Problem:
Span requested from the data below: the line with "Paar Kandelaber ist" through the line with "Gute Bedingungen.", both included. Give only these lines again, exactly, and leave every picture out.

Exercise data:
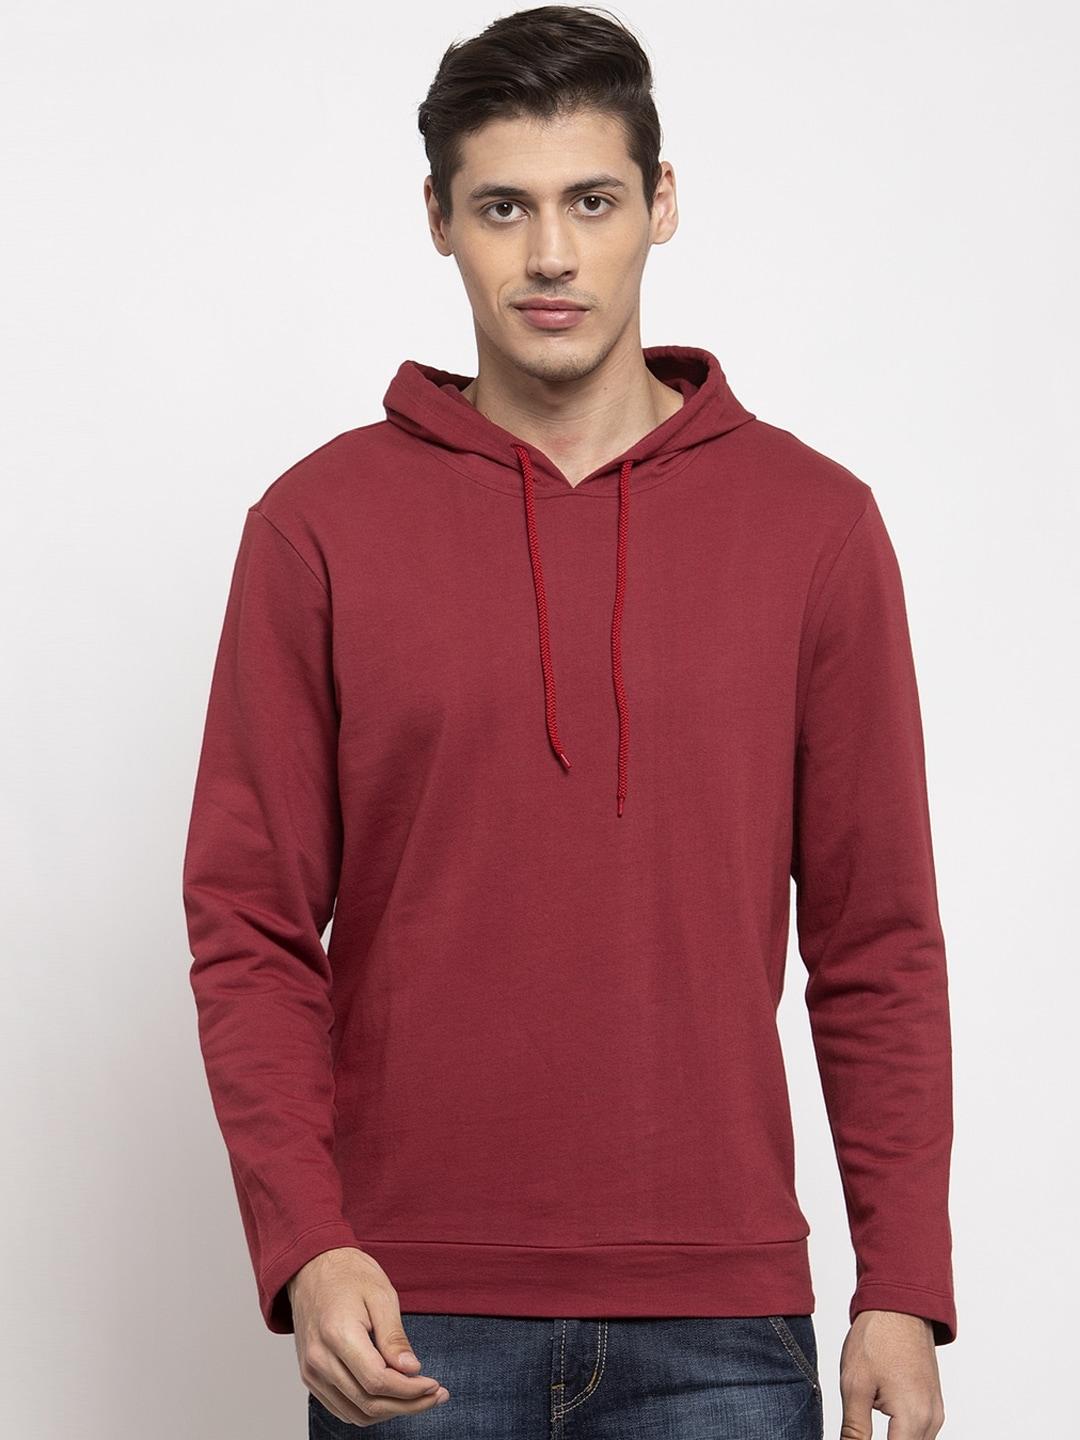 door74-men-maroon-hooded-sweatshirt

...

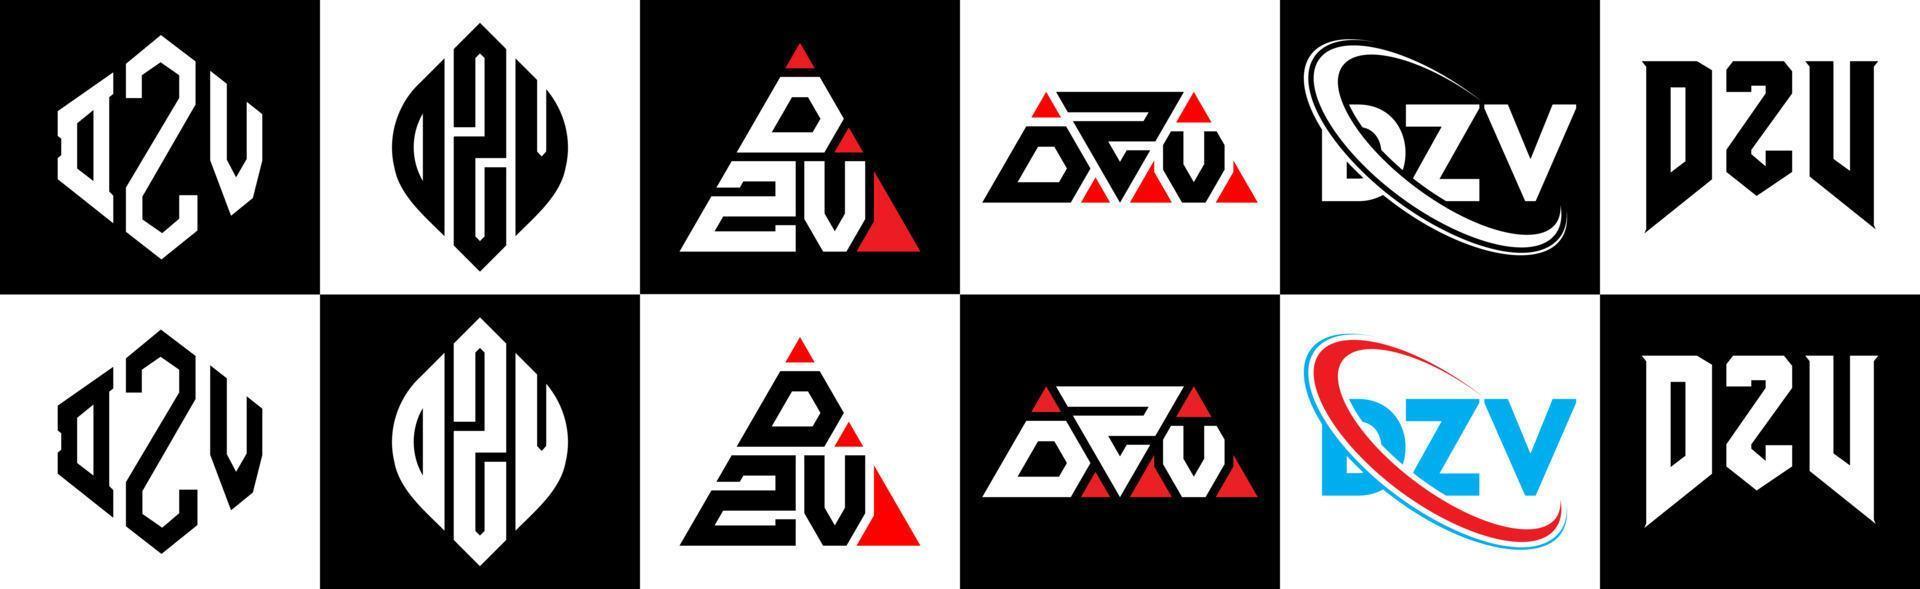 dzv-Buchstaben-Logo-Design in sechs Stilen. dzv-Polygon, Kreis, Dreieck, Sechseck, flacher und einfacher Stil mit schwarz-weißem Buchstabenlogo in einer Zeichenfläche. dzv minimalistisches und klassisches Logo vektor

---

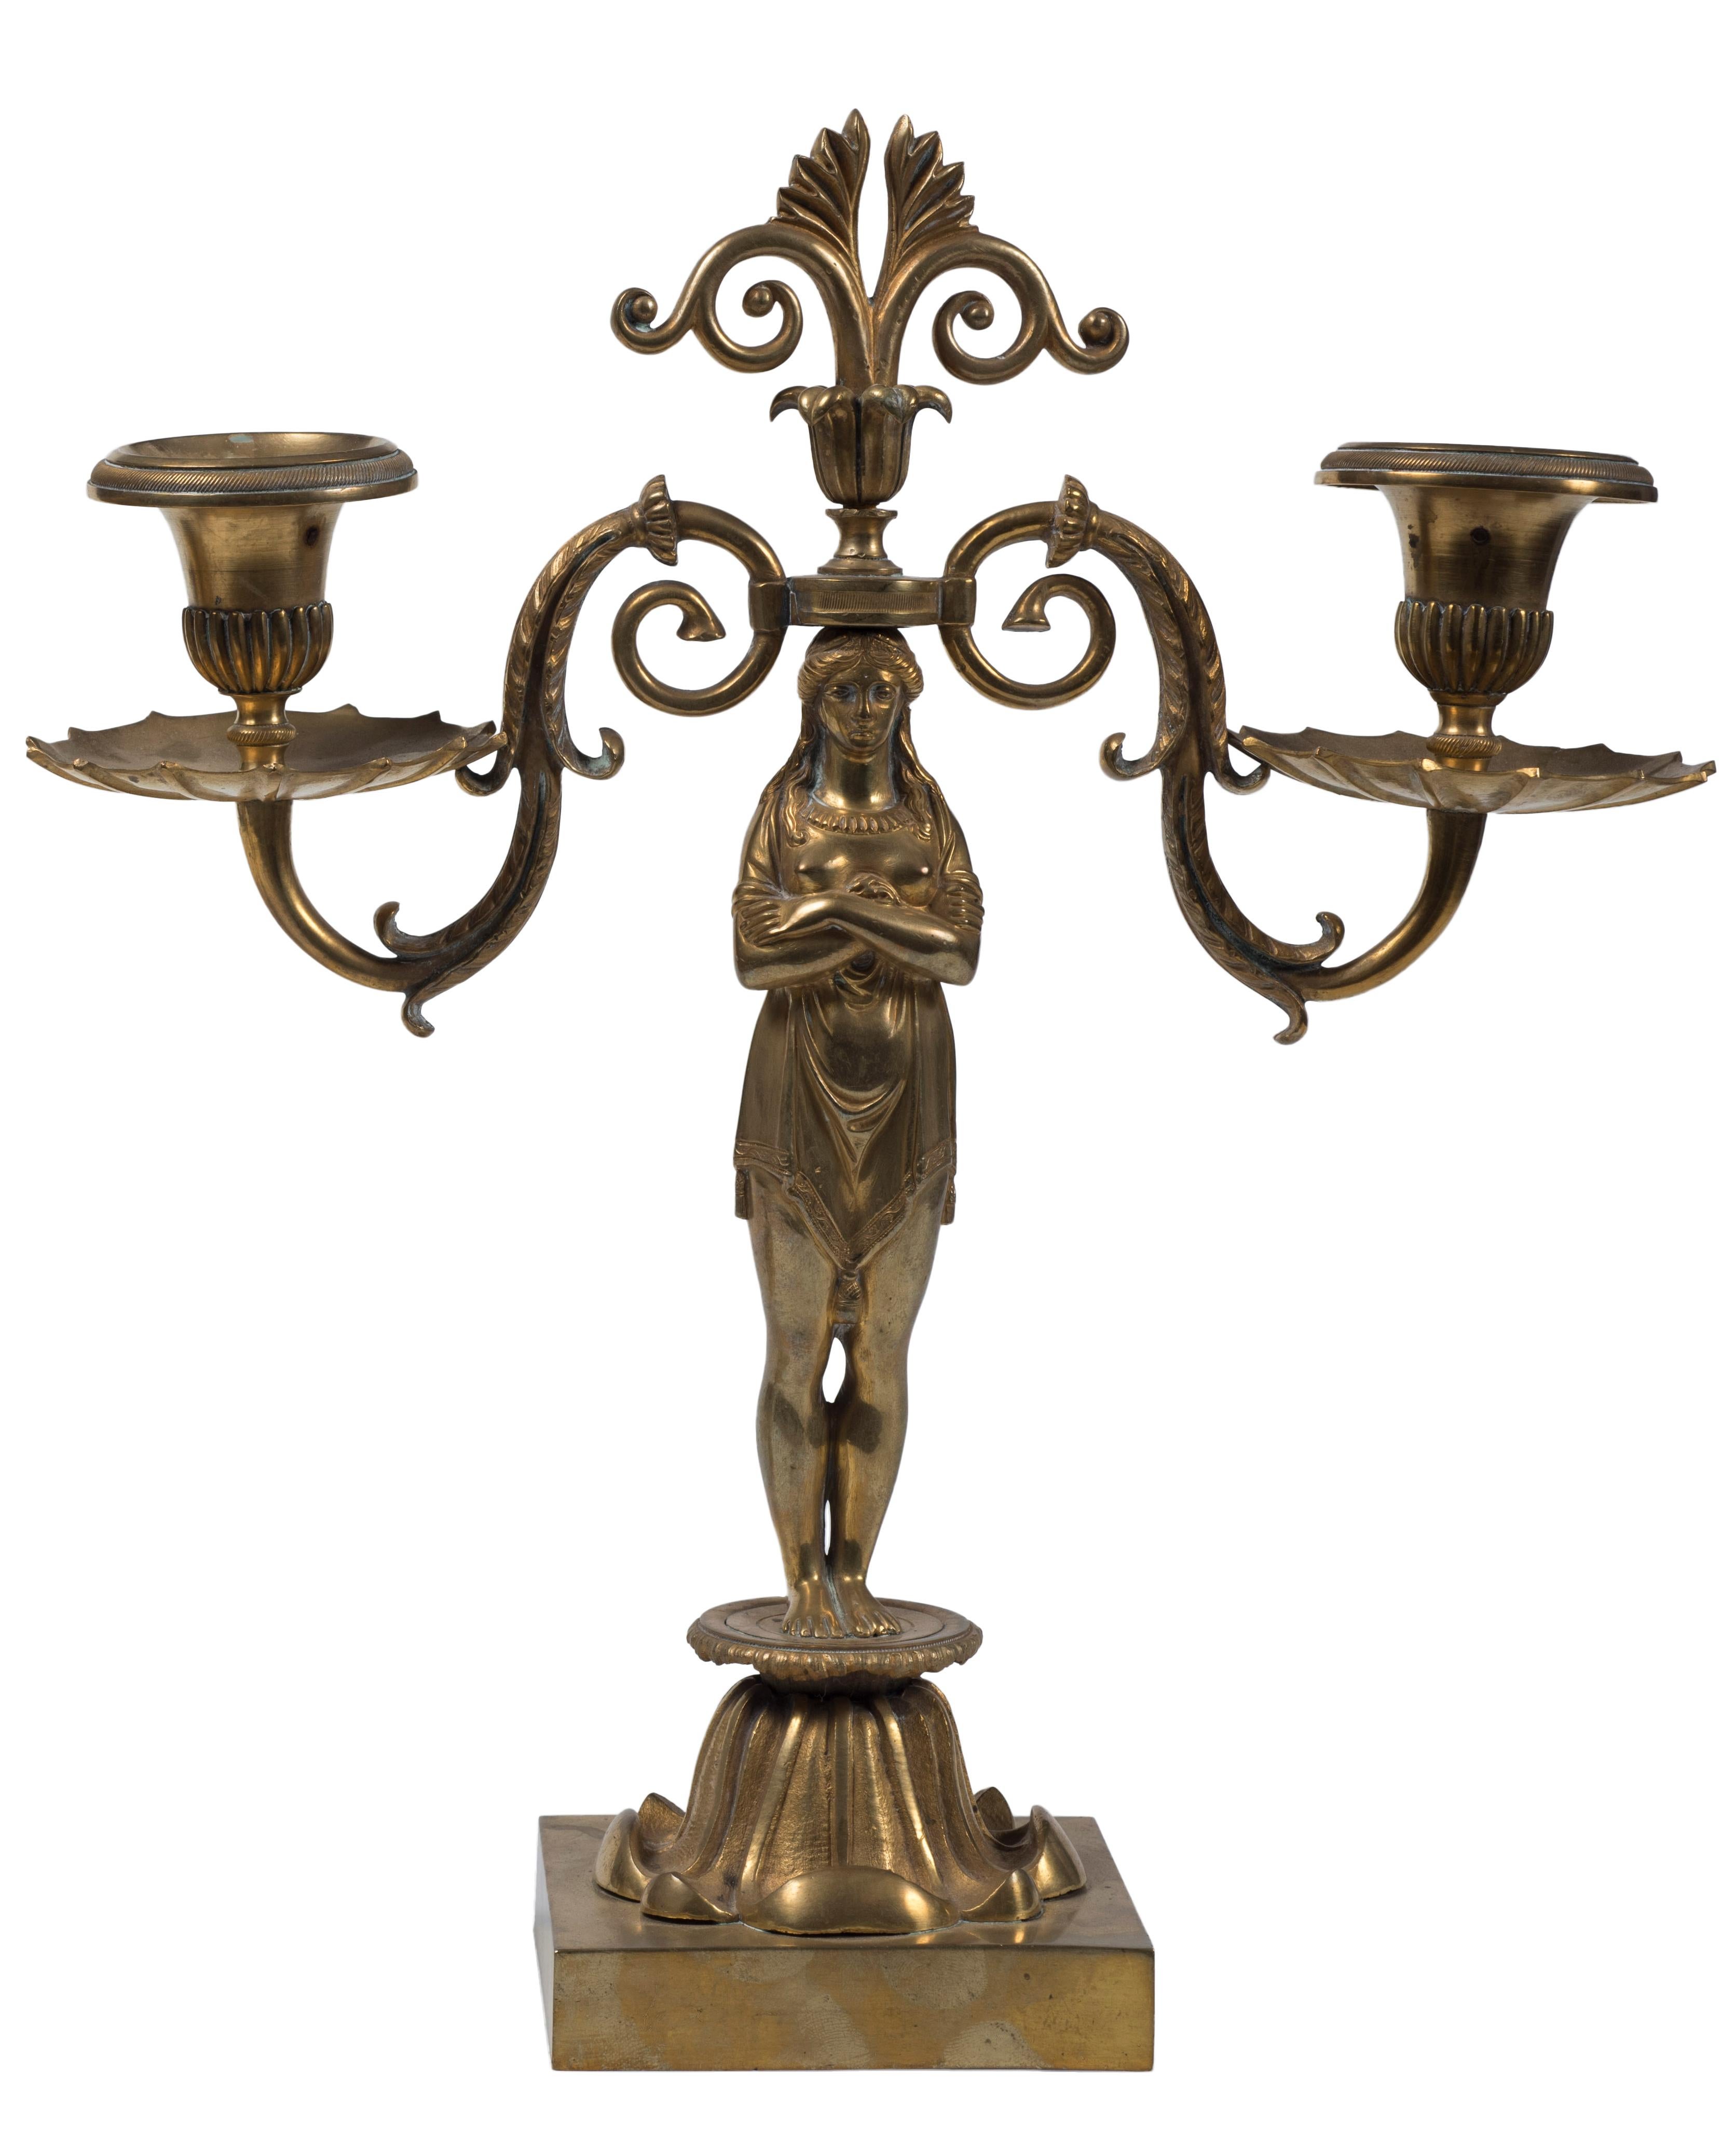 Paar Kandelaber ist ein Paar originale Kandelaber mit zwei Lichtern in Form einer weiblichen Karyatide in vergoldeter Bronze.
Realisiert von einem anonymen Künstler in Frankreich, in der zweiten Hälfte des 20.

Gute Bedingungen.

Answer:
 Paar Kandelaber ist ein Paar originale Kandelaber mit zwei Lichtern in Form einer weiblichen Karyatide in vergoldeter Bronze.
Realisiert von einem anonymen Künstler in Frankreich, in der zweiten Hälfte des 20.

Gute Bedingungen.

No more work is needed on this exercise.